# Форум 1С > Установка и администрирование 1С - Предприятие >  Проблема при создании новой конфигурации Управление торговлей в предприятии 8.3

## Vilent

Добрый день! Установил платформу, создал себе конфигурацию на демо версии. Теперь скачал полную конфигурацию 11 0 4 6, создаю новую конфигурацию через конфигуратор, он думает и создает что-то.
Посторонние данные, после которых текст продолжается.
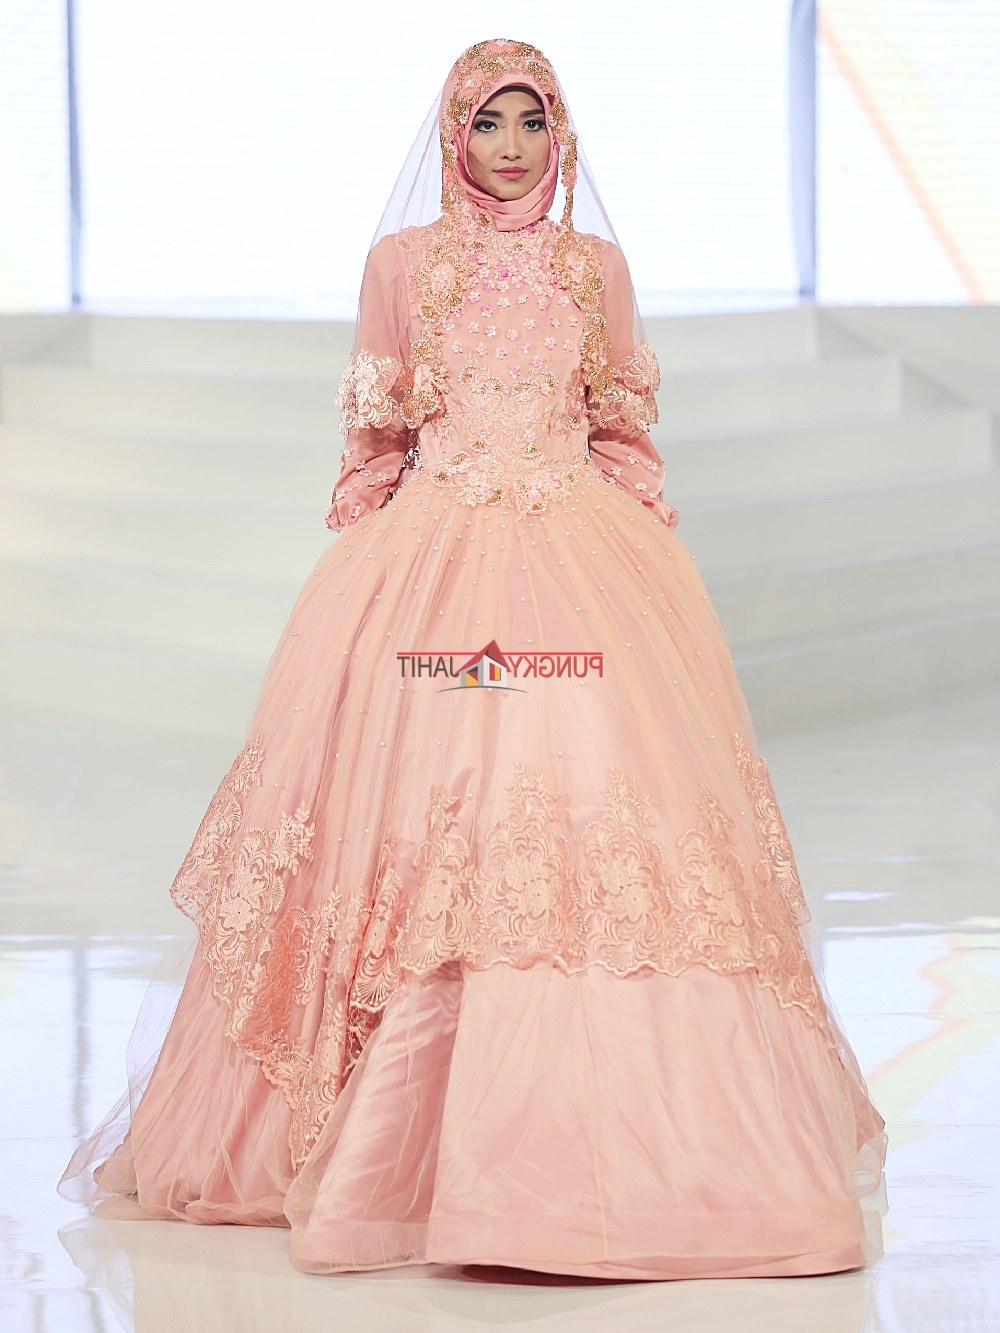 Bentuk Harga Sewa Gaun Pengantin Muslimah J7do Gaun Pengantin Muslimah Dress Muslim Pungky Rumah Jahit
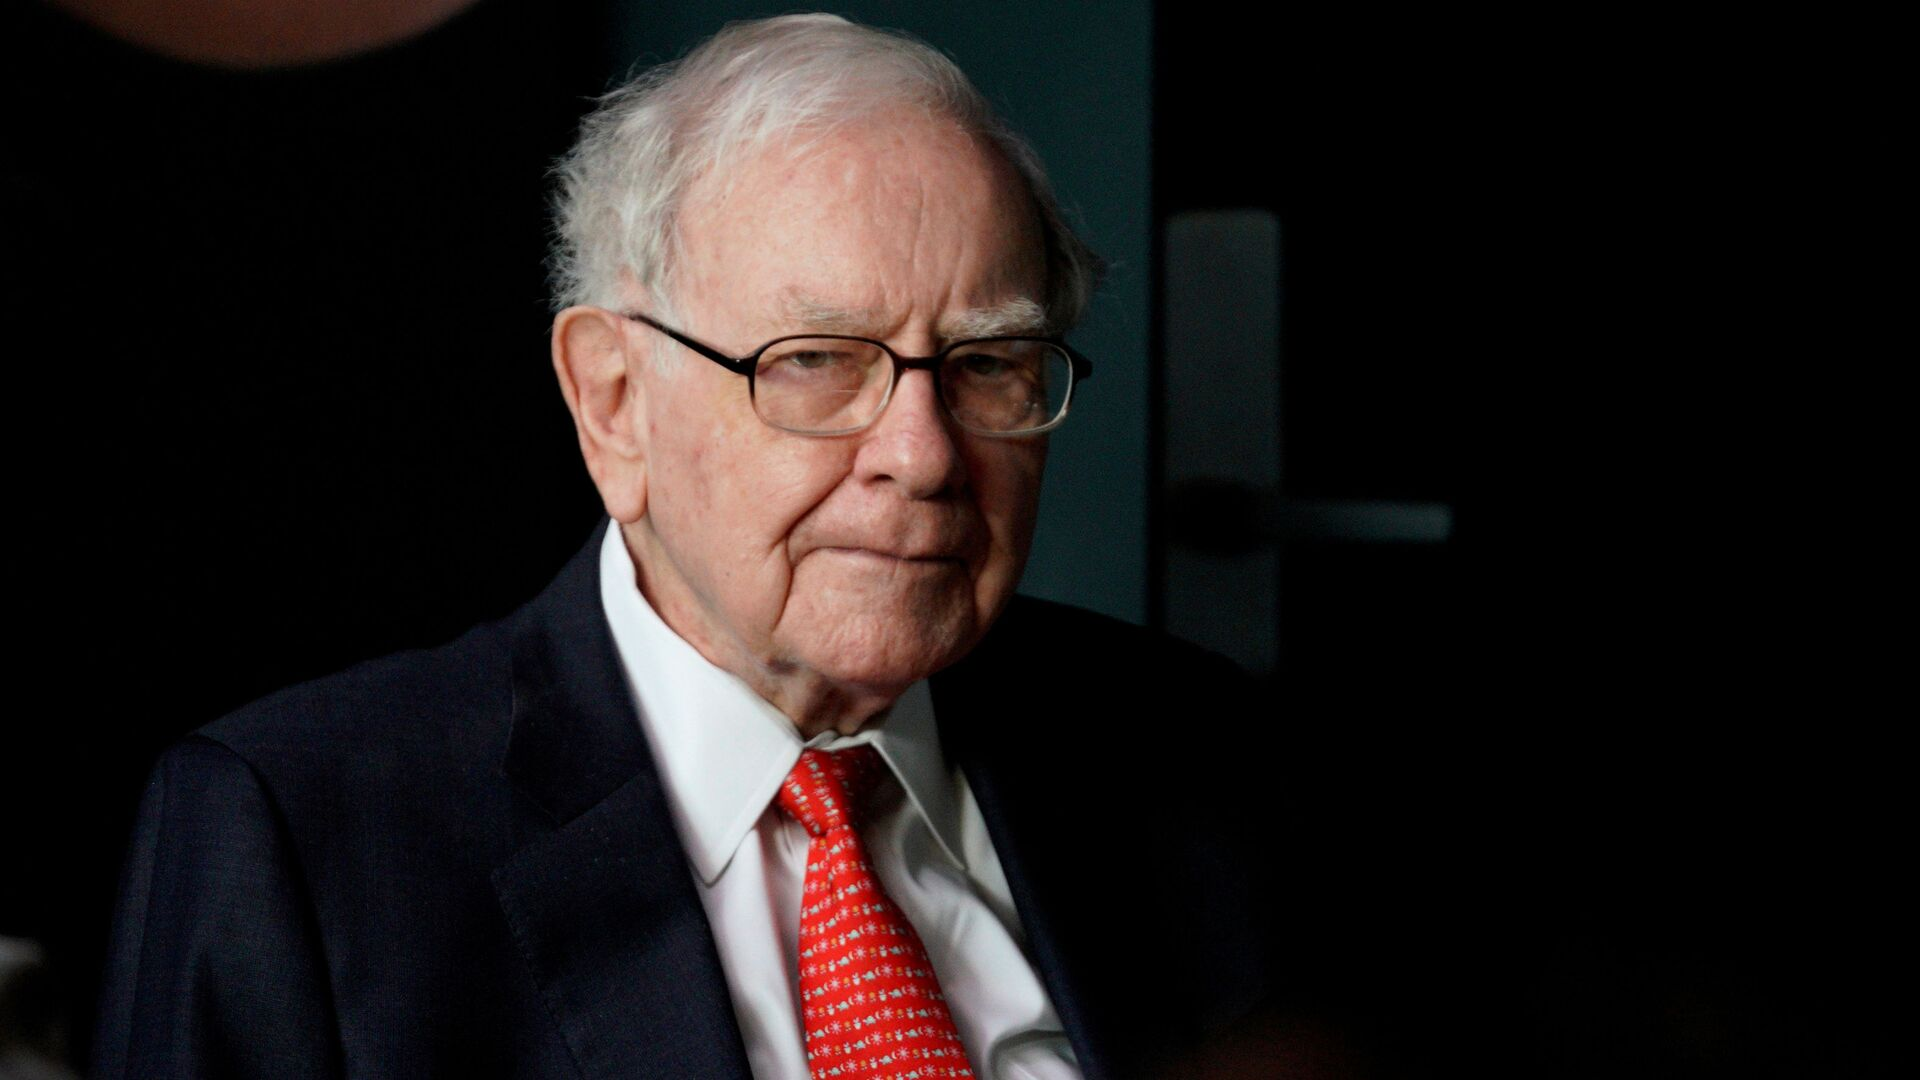 Warren Buffett, multimillonario estadounidense - Sputnik Mundo, 1920, 23.06.2021

Затем пробую перейти в предприятие, там вылетает это: Ошибка SQL: Поле не найдено 'T1._DataSeparationHash'
Вот полный текст ошибки:
Платформа: 1С:Предприятие 8.3 (8.3.3.687)
Конфигурация: 
Режим:  (без сжатия)
Приложение: 
Локализация: Информационная база: русский (Россия), Сеанс: русский (Россия)
Вариант интерфейса: Такси

Ошибки:
--------------------------------------------------------------------------------
24.09.2013 18:49:07
Невосстановимая ошибка
Ошибка при выполнении запроса POST к ресурсу /e1cib/misc:
по причине:
Ошибка СУБД:
Ошибка SQL: Поле не найдено 'T1._DataSeparationHash'
по причине:
Ошибка SQL: Поле не найдено 'T1._DataSeparationHash'

В чем может быть проблема? Спасибо!

----------